The fundamental problem you’re encountering is that tabletojson operates independently and cannot access the dynamically generated content from your Puppeteer session. When you perform interactions like form submissions, the resulting table exists only in your active browser instance.

I faced a similar challenge when scraping search results that required multiple form interactions. The solution involves capturing the HTML content directly from your Puppeteer page and then processing it with tabletojson.
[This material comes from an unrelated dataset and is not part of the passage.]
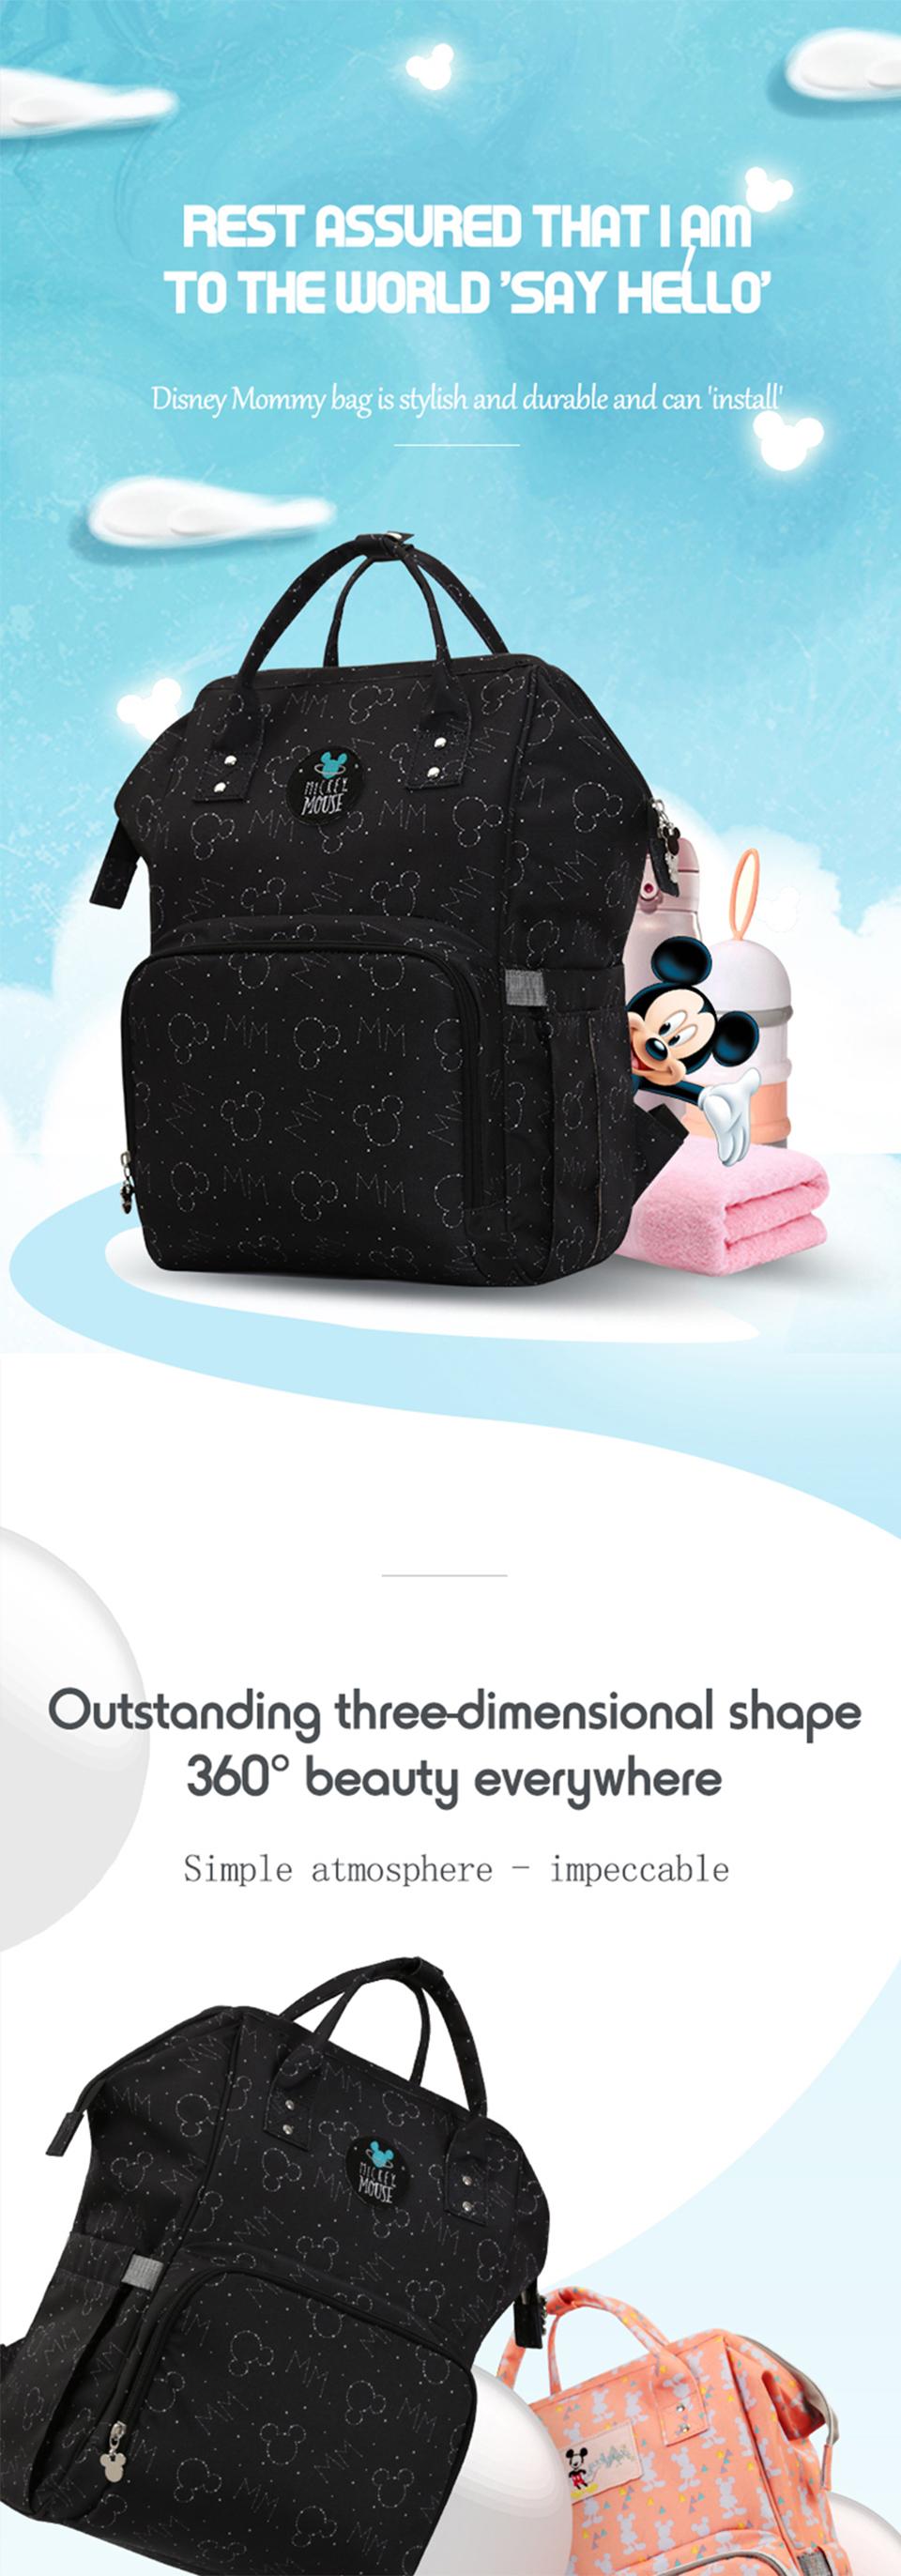 Disney Baby Diaper Bags USB Heating waterproof Maternity Nappy Diaper Stroller Bag Insulation Large Capacity Mochila Backpack

Here’s how you can modify your approach:

const chrome = require('puppeteer')
const tableConverter = require('tabletojson')

async function scrapeData() {
    const browserInstance = await chrome.launch({
        headless: false,
        defaultViewport: null
    })
    
    const newPage = await browserInstance.newPage()
    await newPage.goto("https://example-site.com/...")
    
    // Perform your search interactions
    await newPage.click('#searchForm\\:mainTab\\:submitBtn')
    await newPage.waitForSelector('table')
    
    // Get the HTML content after interactions
    const htmlContent = await newPage.content()
    
    // Use tabletojson with the HTML string instead of URL
    const jsonTables = tableConverter.convert(htmlContent, {
        stripHtmlFromCells: false
    })
    
    console.log(jsonTables)
    await browserInstance.close()
}

This approach allows you to use tabletojson while maintaining all the dynamic content generated through your Puppeteer interactions. The key is using convert() method with HTML content rather than convertUrl().

yeah puppeteer’s evaluate method is definitley the way to go here. tabletojson wont work becuase it makes a fresh request without your search data. try using page.$$eval('table tr', rows => ...) to grab all table rows at once after your form submission completes.